L’Herbe bleue (Go Ask Alice) est un livre publié anonymement comme un journal intime en 1971, mais qui a depuis été attribué à la psychologue américaine Beatrice Sparks (en)[1]. La traduction française, de France-Marie Watkins, est parue en 1972. C'est un journal intime dont l'auteur aurait quinze ans mais [réf. nécessaire] qui s'est révélé être une œuvre de fiction écrite par une psychologue américaine devenue ensuite éditrice.

Ce n'est que quelques années plus tard qu'elle reconnaît en être l'auteur. Elle explique alors, dans un interview, que le livre se composait en partie du journal intime d'une de ses patientes mais également d'événements fictifs inspirés par son travail avec d'autres adolescents en difficulté.

Sparks raconte que son expérience professionnelle l'a amenée à écrire des contes destinés à éviter à d'autres jeunes de connaître les mêmes travers.[réf. souhaitée] De confession mormone, elle cherche à mettre en garde la jeunesse contre des risques sociaux dans des livres quelque peu moralisateurs et puritains.

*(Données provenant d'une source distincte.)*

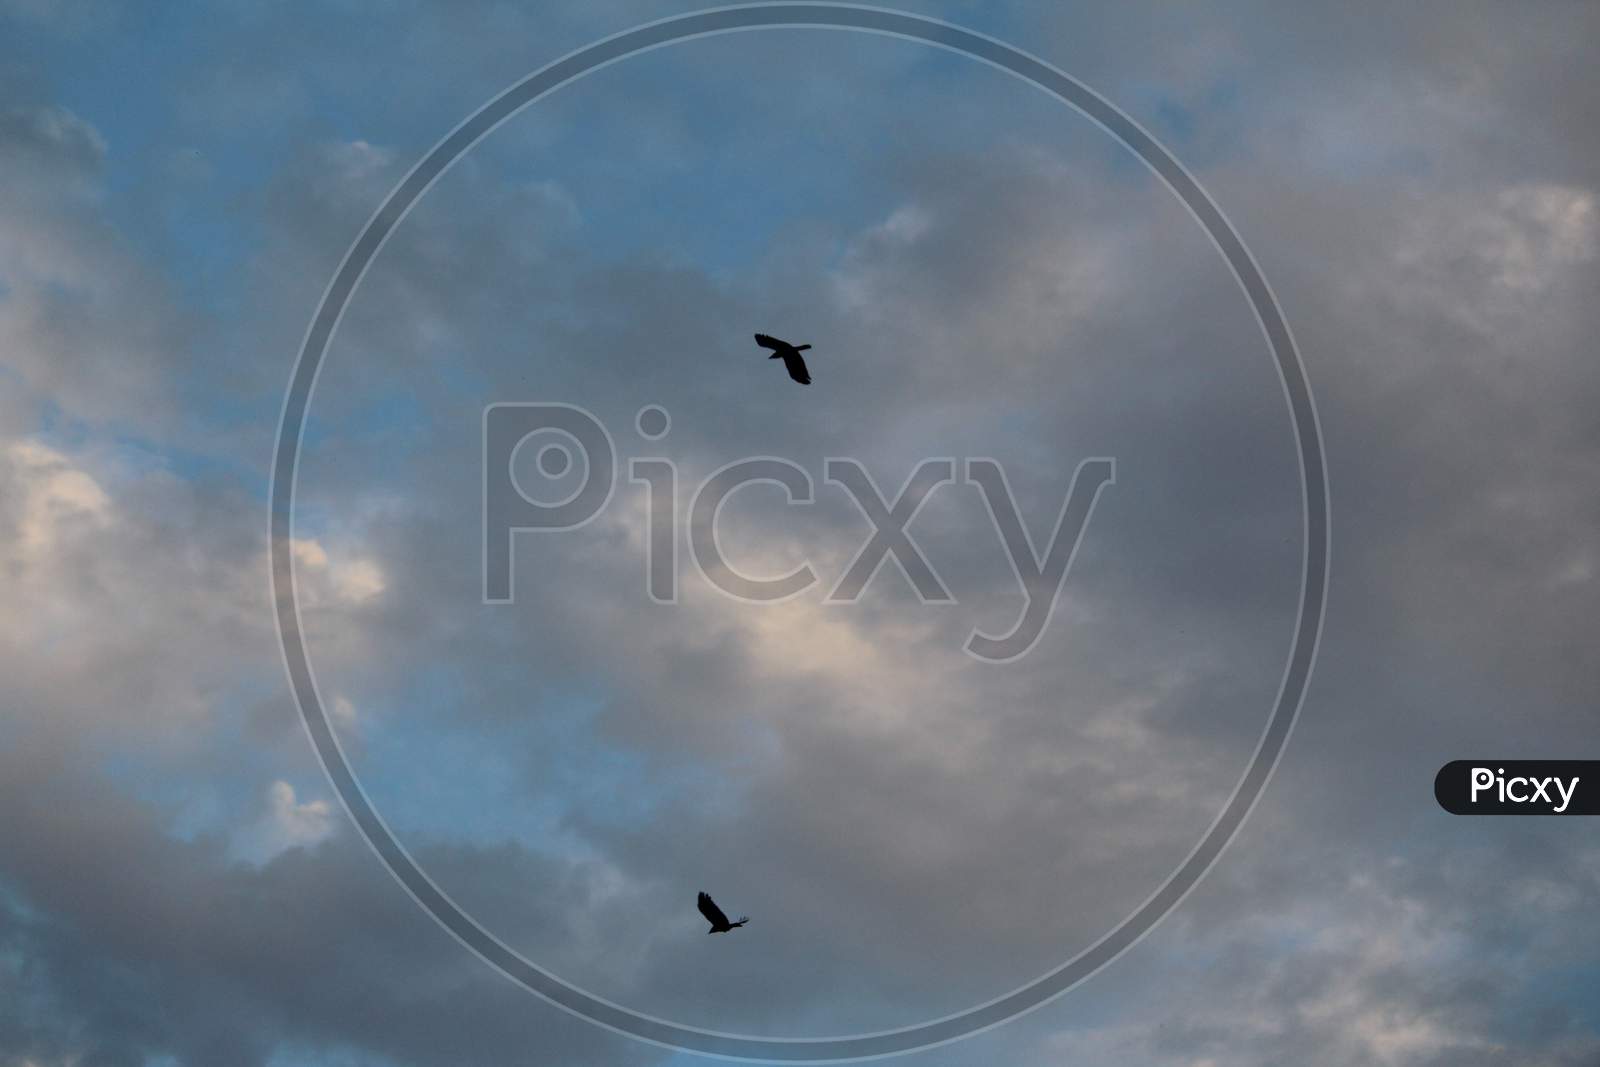 Birds flying in the blue sky

L'histoire[modifier | modifier le code]

Un soir, une jeune fille de quinze ans mal dans sa peau est invitée à une soirée. Au jeu "il court le furet" , elle ne le sait pas mais, dans dix des quatorze verres, il y a du LSD. C'est sa première prise de drogue, à son insu. Elle y prend goût et tout s'enchaîne très vite : elle se drogue de plus en plus souvent, développe une addiction, quitte ses parents, vend sa "came" et se retrouve presque à la rue. « Quand on a commencé, il n'y a plus de vie possible sans drogue, mais c'est une existence d'esclave. Et pourtant, je suis ravie d'y retourner. Heureuse ! Heureuse ! Ça n'a jamais été meilleur qu'hier soir. Chaque nouvelle fois est la meilleure ». Elle fera de nombreuses tentatives pour arrêter de se droguer, et finira dans un asile psychiatrique. Elle meurt trois semaines après avoir décidé d'arrêter d'écrire son journal (« Tout a été pour le mieux, je pense, d'une manière spéciale. Salut, à bientôt. »)

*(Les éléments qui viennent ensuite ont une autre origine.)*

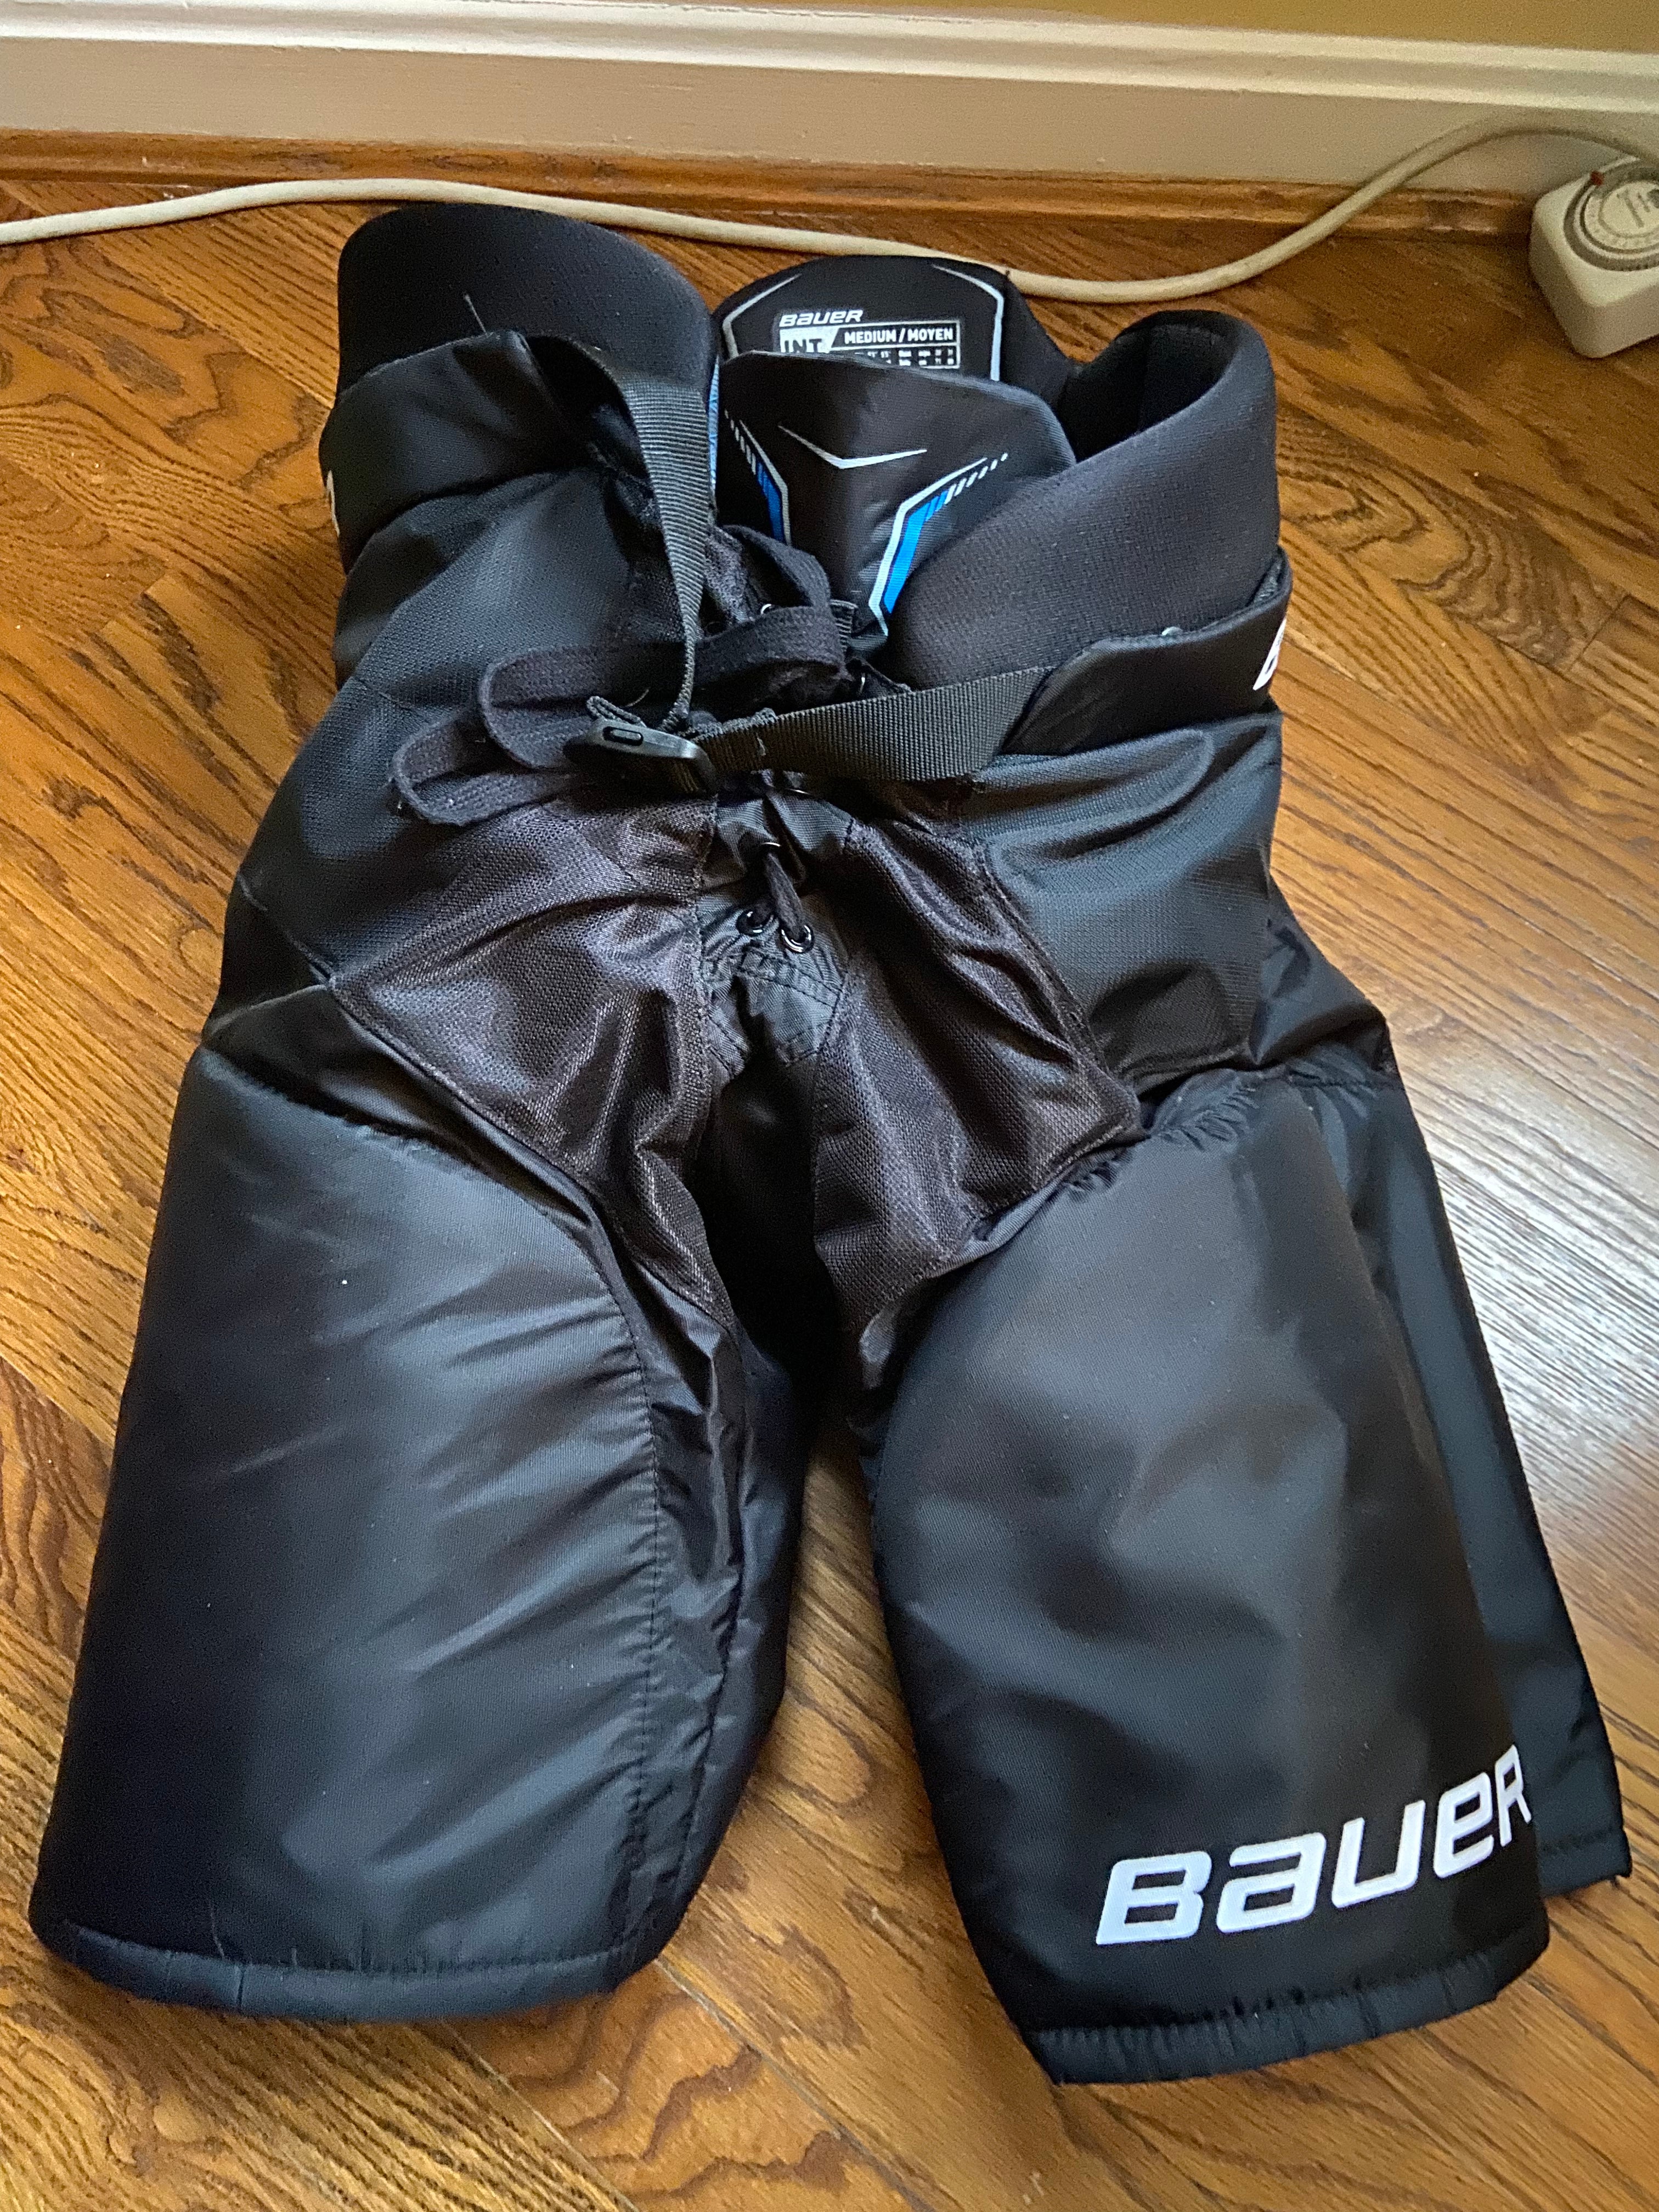 Bauer X Hockey Shorts

Ce livre fascine la jeunesse d'aujourd'hui par sa façon de ne pas "interdire" la drogue, elle explique différents points de vues, d'un côté celui d'une adolescente qui se laisse entraîner dans la drogue, trouvant "excitant" ce milieu pourtant "dangereux" puisqu'elle a entendu dire des choses "vulgaires" sur le L.S.D. Pensant après son expérience que les gens qui ont écrit ces "choses vulgaires" "ne savaient manifestement pas de quoi ils parlaient", elle se dit "curieuse" d'essayer la "marie-jeanne". Ainsi débute la fin de son existence, se disant et se sentant vieille. Elle en vient à utiliser son corps pour avoir sa dose, comme d'autres personnes avant elle. Au cours de sa descente aux enfers, elle rencontre des gens autant en difficulté qu'elle.[réf. nécessaire]

D'autre part, ce livre montre à quel point il est difficile de sortir de l'emprise de la drogue[réf. nécessaire].